■ DATA LISTING
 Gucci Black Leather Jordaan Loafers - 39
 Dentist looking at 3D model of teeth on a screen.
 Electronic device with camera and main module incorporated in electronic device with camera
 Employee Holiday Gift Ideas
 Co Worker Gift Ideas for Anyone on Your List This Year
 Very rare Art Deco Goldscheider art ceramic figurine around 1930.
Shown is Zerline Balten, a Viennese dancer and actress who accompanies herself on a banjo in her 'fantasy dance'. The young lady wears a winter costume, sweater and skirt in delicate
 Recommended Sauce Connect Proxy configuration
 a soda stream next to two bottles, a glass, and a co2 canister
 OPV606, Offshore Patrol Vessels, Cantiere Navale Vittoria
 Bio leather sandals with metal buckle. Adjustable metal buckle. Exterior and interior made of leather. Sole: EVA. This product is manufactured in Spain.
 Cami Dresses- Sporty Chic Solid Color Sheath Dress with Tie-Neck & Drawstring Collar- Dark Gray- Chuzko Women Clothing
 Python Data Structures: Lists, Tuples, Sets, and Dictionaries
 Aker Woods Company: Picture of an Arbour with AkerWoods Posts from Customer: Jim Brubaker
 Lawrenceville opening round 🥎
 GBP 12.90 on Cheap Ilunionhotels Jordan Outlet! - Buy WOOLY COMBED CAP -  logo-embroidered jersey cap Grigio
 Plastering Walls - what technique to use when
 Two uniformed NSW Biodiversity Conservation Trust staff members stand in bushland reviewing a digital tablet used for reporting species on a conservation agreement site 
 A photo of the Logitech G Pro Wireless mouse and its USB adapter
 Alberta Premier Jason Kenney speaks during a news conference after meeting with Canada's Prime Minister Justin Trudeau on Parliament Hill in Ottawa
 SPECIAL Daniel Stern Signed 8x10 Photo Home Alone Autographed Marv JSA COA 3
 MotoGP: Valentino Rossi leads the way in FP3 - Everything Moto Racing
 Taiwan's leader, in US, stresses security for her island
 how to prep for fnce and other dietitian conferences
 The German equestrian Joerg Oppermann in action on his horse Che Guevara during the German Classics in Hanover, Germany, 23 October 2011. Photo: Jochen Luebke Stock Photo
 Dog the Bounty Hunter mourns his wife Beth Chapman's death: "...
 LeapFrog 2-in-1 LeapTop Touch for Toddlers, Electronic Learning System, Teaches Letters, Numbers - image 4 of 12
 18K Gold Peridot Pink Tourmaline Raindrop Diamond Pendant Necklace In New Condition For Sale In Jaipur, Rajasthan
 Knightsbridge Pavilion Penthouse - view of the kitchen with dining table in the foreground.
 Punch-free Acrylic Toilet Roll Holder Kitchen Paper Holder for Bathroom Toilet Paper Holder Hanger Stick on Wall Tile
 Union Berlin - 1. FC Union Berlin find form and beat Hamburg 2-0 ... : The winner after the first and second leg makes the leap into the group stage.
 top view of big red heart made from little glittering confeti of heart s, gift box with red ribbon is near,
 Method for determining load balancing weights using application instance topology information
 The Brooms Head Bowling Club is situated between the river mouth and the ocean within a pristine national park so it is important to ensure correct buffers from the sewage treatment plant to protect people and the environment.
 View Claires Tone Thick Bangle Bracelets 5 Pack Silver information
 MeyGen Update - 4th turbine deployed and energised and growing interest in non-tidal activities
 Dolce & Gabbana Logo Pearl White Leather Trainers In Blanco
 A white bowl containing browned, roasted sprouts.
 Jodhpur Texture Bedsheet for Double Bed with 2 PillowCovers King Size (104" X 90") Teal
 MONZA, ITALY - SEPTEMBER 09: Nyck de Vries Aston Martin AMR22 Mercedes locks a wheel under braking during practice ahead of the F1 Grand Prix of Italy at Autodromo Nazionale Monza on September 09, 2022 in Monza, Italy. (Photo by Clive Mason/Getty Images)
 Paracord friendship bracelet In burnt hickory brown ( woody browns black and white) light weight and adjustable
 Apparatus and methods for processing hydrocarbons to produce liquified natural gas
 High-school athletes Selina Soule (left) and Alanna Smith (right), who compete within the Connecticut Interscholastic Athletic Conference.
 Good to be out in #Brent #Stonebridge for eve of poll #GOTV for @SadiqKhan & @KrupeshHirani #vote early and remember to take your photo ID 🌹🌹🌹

■ REQUIRED WORK
Extract the lines of the preceding material that run from the line with "18K Gold Peridot" through the line with "Union Berlin - 1.", inclusive, reproducing them exactly and adding nothing.

■ RESULT OF THE EXERCISE
 18K Gold Peridot Pink Tourmaline Raindrop Diamond Pendant Necklace In New Condition For Sale In Jaipur, Rajasthan
 Knightsbridge Pavilion Penthouse - view of the kitchen with dining table in the foreground.
 Punch-free Acrylic Toilet Roll Holder Kitchen Paper Holder for Bathroom Toilet Paper Holder Hanger Stick on Wall Tile
 Union Berlin - 1. FC Union Berlin find form and beat Hamburg 2-0 ... : The winner after the first and second leg makes the leap into the group stage.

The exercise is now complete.